Максим вышел, нажал на столбике у калитки кнопку домофона.
– Слушаю вас, – ответил мужской голос.
– В сорок девятую гость, – сказал Максим.
– В сорок девятую? – Повисла пауза. – Хозяина нет дома.
– Не может быть, я недавно разговаривал с хозяйкой, она ждёт. Моя фамилия Одинцов, спросите.
На этот раз пауза длилась дольше.
– Простите, сегодня вы не сможете попасть в квартиру.
– Не понял, что значит – не смогу? По какой причине? Вы меня не впустите? Даже с разрешения хозяйки?
– У нас предписание…
– Какое предписание, от кого? Что вы мне лапшу на уши вешаете! Откройте, я покажу свои документы.

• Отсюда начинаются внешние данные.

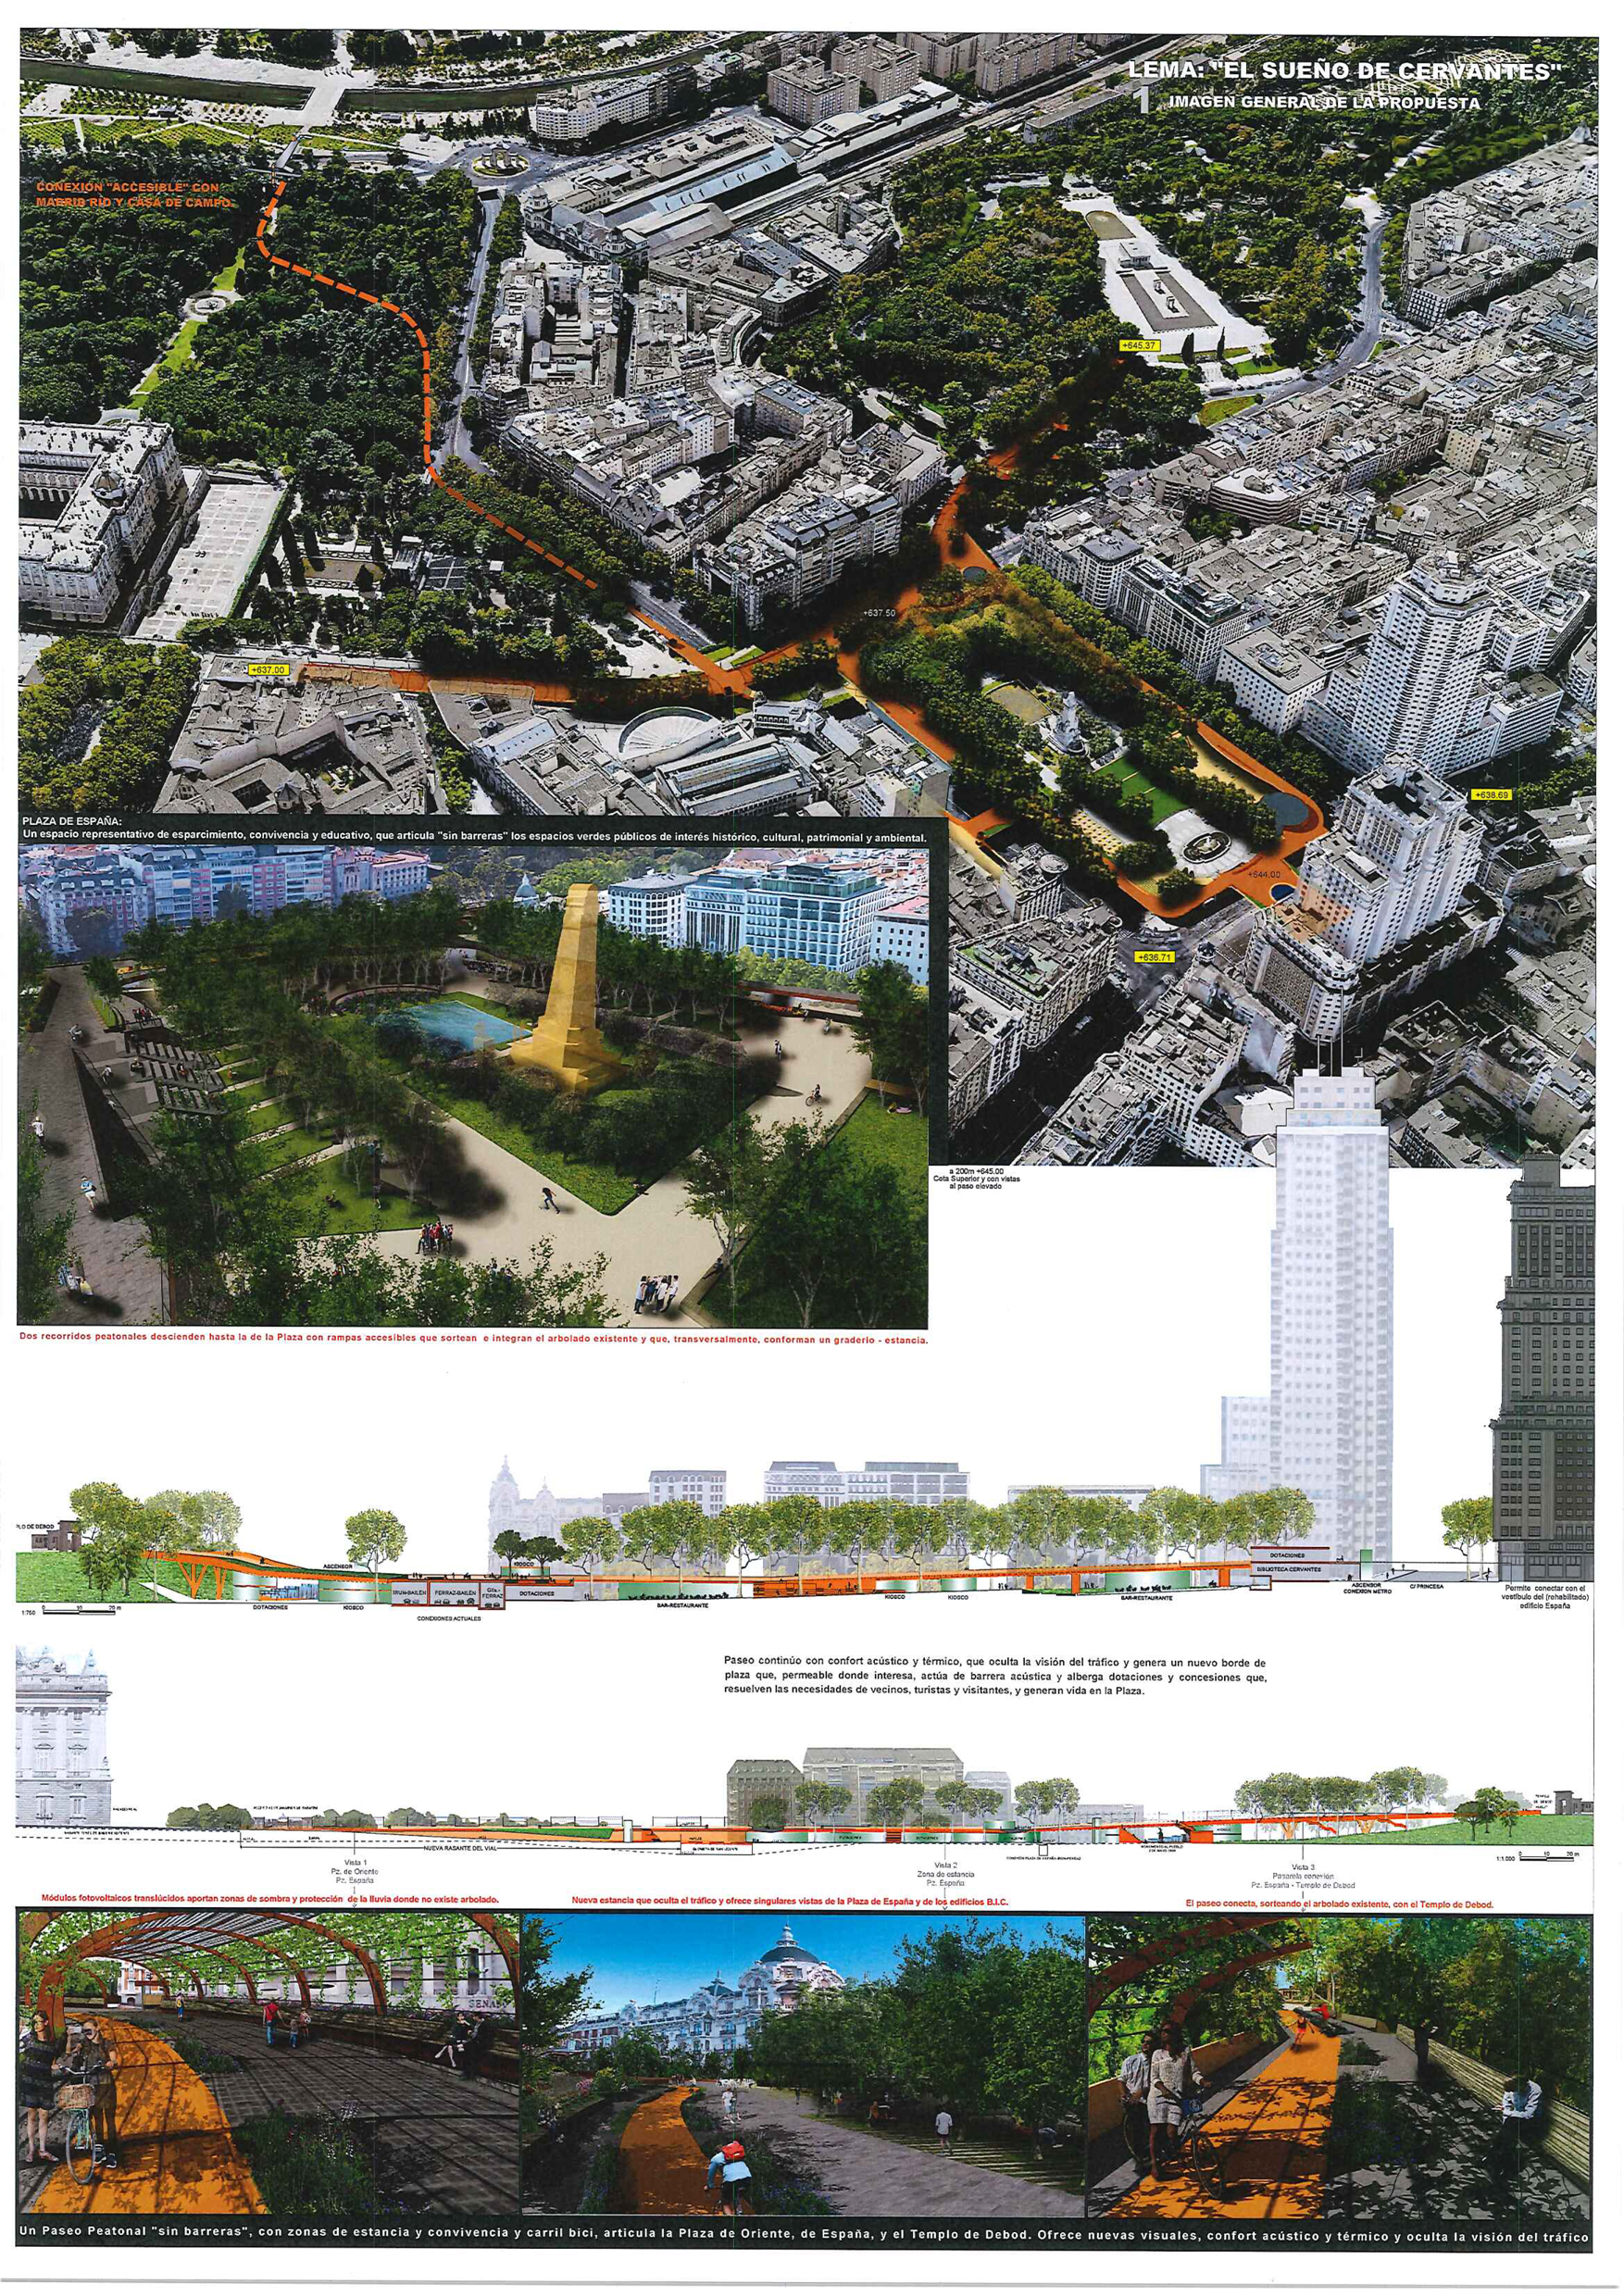 Proyecto 19 para la Remodelación de Plaza España: El sueño de Cervantes

Охранники не отвечали больше минуты. Раздосадованный Максим хотел было связаться с Ольгой, чтобы она поговорила с охраной дома, но замок на калитке клацнул, и голос из домофона предложил:
– Проходите, но машину пропустить не можем.
Максим толкнул узорчатую металлическую калитку, сказал высунувшему голову в окно джипа Брызгалову:
– Ждите здесь, я позвоню, если что.
Он прошёлся по плиточной дорожке до центрального подъезда дома, дверь раздвинулась, повинуясь сигналу датчика.

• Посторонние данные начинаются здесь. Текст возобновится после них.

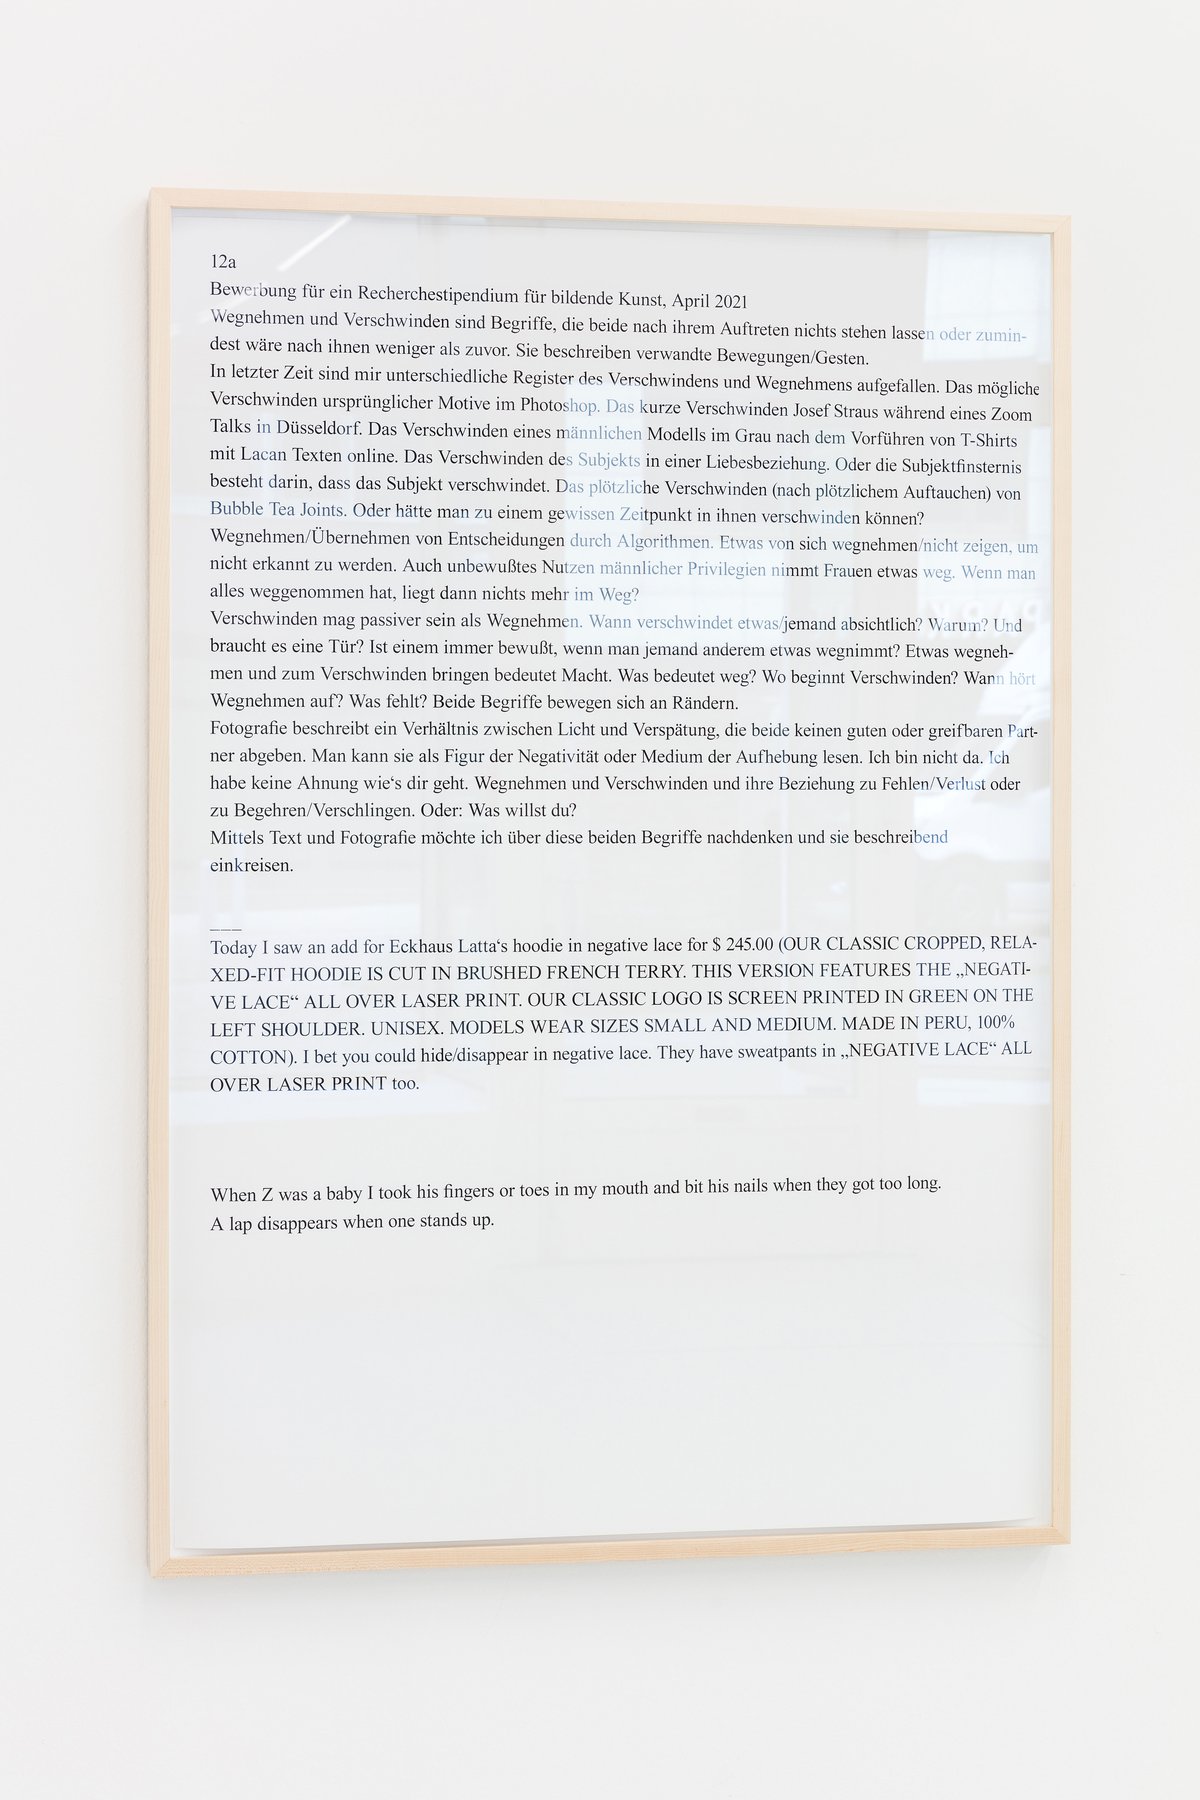 Lisa HolzerBewerbung für ein Recherchestipendium für bildende Kunst, April 2021, 2021Pigment print on cotton paper, black marker on wood110.3 x 76 cm

В небольшом холле с выходами на две половины дома, пол которого был выстлан мраморными с виду плитами, с диванчика встал плотный мужчина в сером костюме. У него было квадратное лицо, выдающиеся скулы, нос боксёра и колючие глазки-буравчики.
– Вы кто?
Максим покосился на открывшееся слева окошко комнаты охраны.
– А вы?
– Служба безопасности. Документы есть?
– А у вас?
Квадратнолицый оглядел фигуру майора.
– Господин хороший…
– Точно так же могу сказать и я. Покажите документ, служба безопасности.
Квадратнолицый пожевал губами, достал красную книжицу с гербом и надписью «Федеральная служба безопасности России».
– Капитан Сюткин.
– Майор Одинцов. Ещё вопросы?
– Вы к Валишевой?
– Совершенно верно, мы с ней договаривались о встрече.
– К ней нельзя.
– Это ещё почему?
– Она… занята.
– Дорогой мой капитан Сюткин, я с ней разговаривал полчаса назад, она меня ждёт. Позвони и услышишь. И не морщи ты лоб, а то я решу, что ты думаешь.
Квадратнолицый сжал губы в полоску.
– Попросил бы вас…
– Ой, не смеши меня. Может, я что-то перепутал, и это не обыкновенный жилой дом, а тюрьма? Так и скажи, а я доложу кому следует.
– Гражданин, я вам русским языком…
– Могу перейти на английский, немецкий, испанский, итальянский, греческий, турецкий. Дай пройти, не надувай щёки, я знаю обязанности надзорного. А не пропустишь, я подниму такой шум в прессе, что твоё начальство год будет отмываться! Рискнёшь?